La boucle de circulation du lithium SATELIT et la buse, siège de l’interaction entre les protons et le lithium.
L’Irfu, en collaboration avec l’Isas (DPC/SCCME), a développé un prototype de boucle de circulation de lithium liquide. Installée au bout d’une ligne accélératrice de protons, cette technologie permettra de produire des neutrons. Elle complétera ainsi le catalogue d’instruments de production de neutrons, suite à l’arrêt de certains réacteurs. Son principe repose sur l’utilisation de lithium (Li) liquide dans une boucle en acier où une buse expose le lithium au faisceau de protons. La première phase d’étude, SATELIT (Saclay Target with Lithium), a observé une première circulation du Li liquide pendant plusieurs heures. La prochaine étape du projet sera de tester cette technologie avec le faisceau produit par l’accélerateur IPHI pour créer les premiers neutrons courant 2022.

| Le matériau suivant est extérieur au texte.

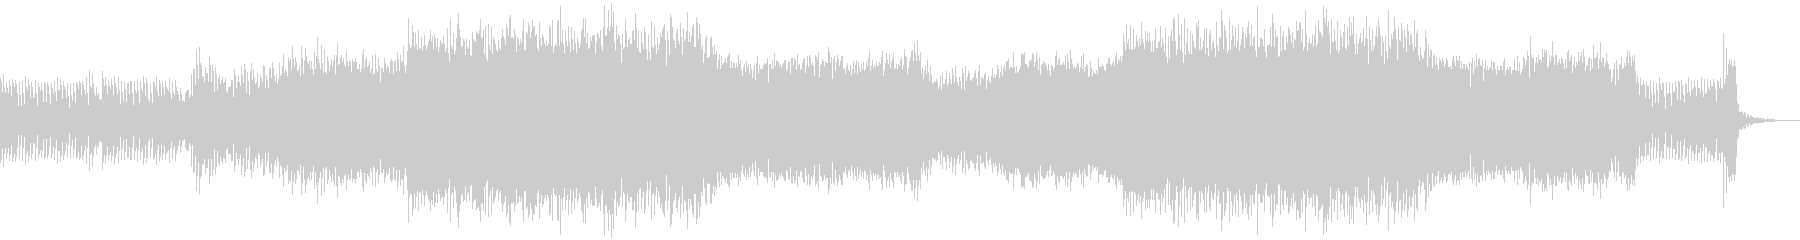 フェスをイメージしたEDMの未再生の波形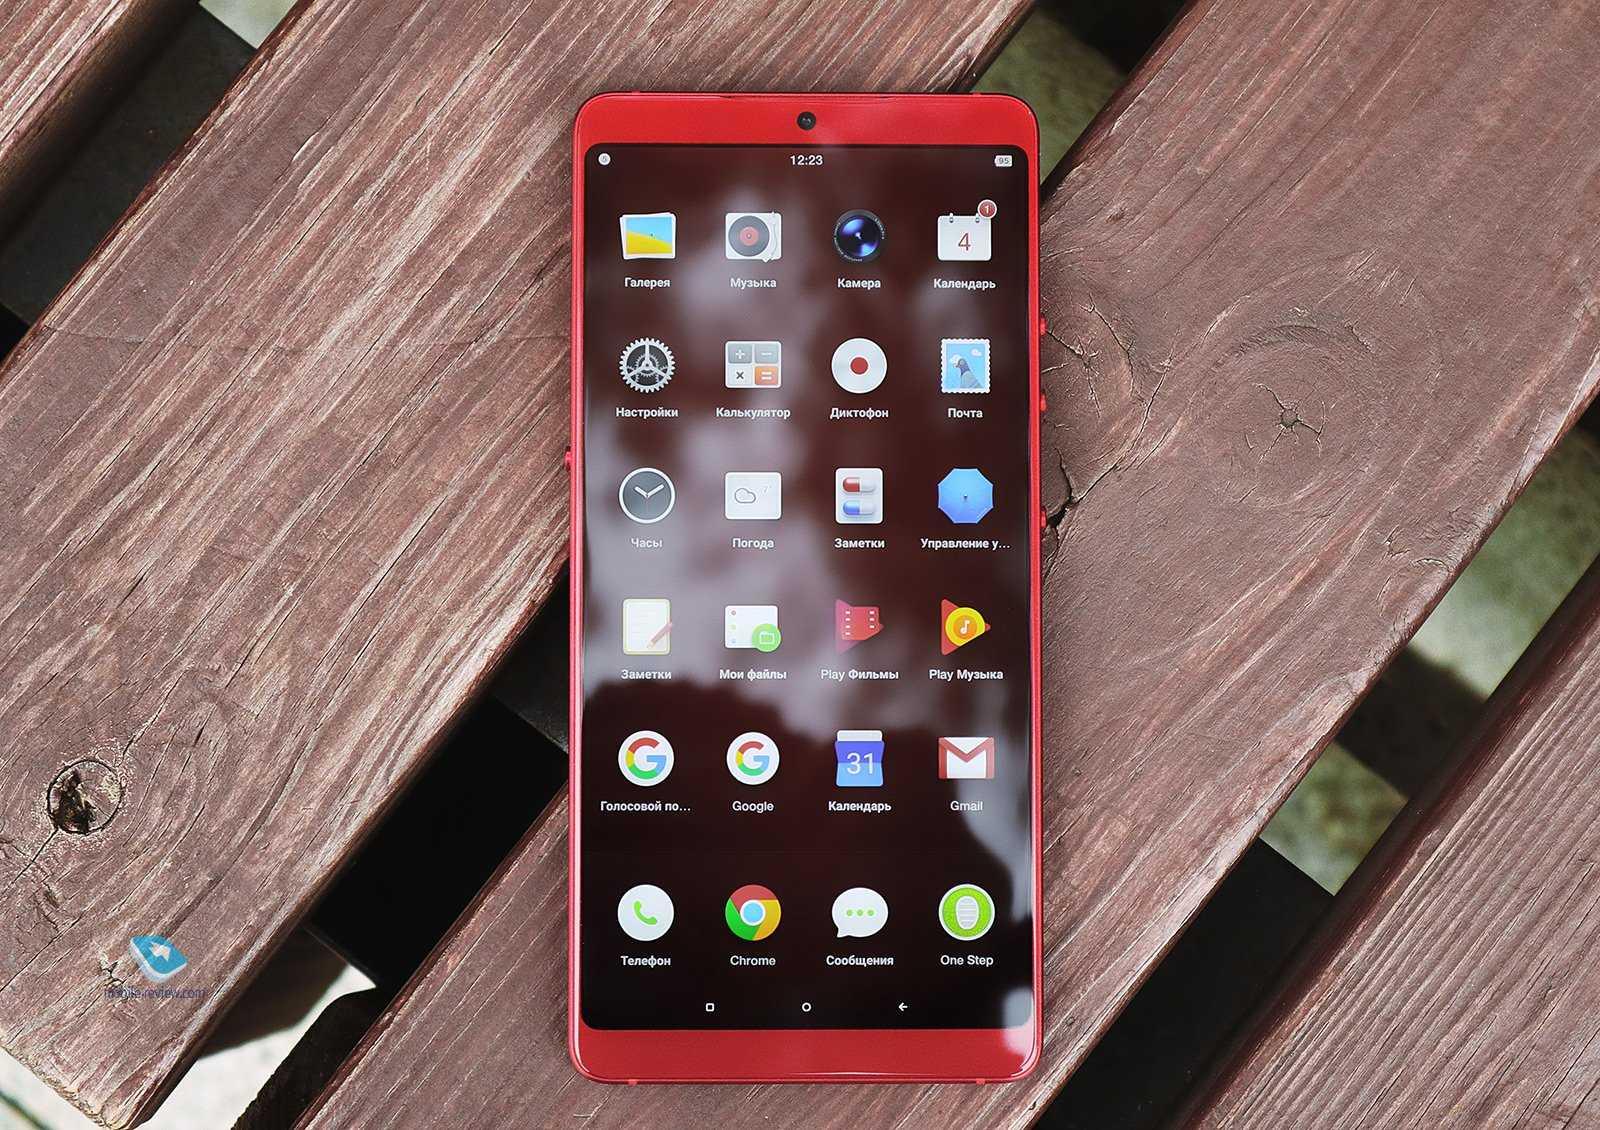 Smartisan nut pro 2 китайский зверь с интересными характеристиками - обзор, цена - stevsky.ru - обзоры смартфонов, игры на андроид и на пк

SATELIT phase 0 : une boucle de circulation de lithium liquide @ O. Corpace
L’arrêt du réacteur Orphée à Saclay et de ses activités associées a conduit l’Irfu à développer et mettre en œuvre des sources compactes de neutrons, basées sur accélérateur. L’accélérateur de protons IPHI, existant, associé à un convertisseur p/n est potentiellement en mesure de fournir une fluence de quelques 108 neutrons par cm2.
C’est dans ce cadre que le projet SATELIT a été imaginé dès 2019. Le matériau utilisé pour réaliser la conversion des protons est le lithium (Li). Celui-ci, à l’énergie actuelle du faisceau de protons d’IPHI (3 MeV), peut produire un nombre important de neutrons, environ 5 fois plus que du béryllium (Be) par exemple. Utilisé sous forme liquide, il permet de s’affranchir de dégradations mécaniques de la cible mais aussi et surtout de jouer le rôle de caloporteur en évacuant la puissance thermique du faisceau (10 kW) vers un échangeur de chaleur. Une boucle de circulation permet un stockage initial d’une dizaine de kg de Li dans un réservoir connecté à une pompe électromagnétique qui va mettre en circulation le métal liquide et le faire passer dans une buse où il sera exposé au faisceau de protons.
Cependant, l’utilisation innovante de Li liquide nécessite de relever certains défis techniques. Il faut tout d’abord maîtriser le risque incendie avec des barrières de sécurité car le Li, comme les autres métaux alcalins, réagit avec un grand nombre de molécules, à commencer par l’eau, l’oxygène et l’azote. Sans montrer de réactions aussi violentes que le sodium (Na) ou le potassium (K), le Li en phase liquide est protégé par une enceinte remplie d’un gaz neutre, de l’argon (Ar) en l’occurrence, qui fait l’objet d’une surveillance incendie spécifique.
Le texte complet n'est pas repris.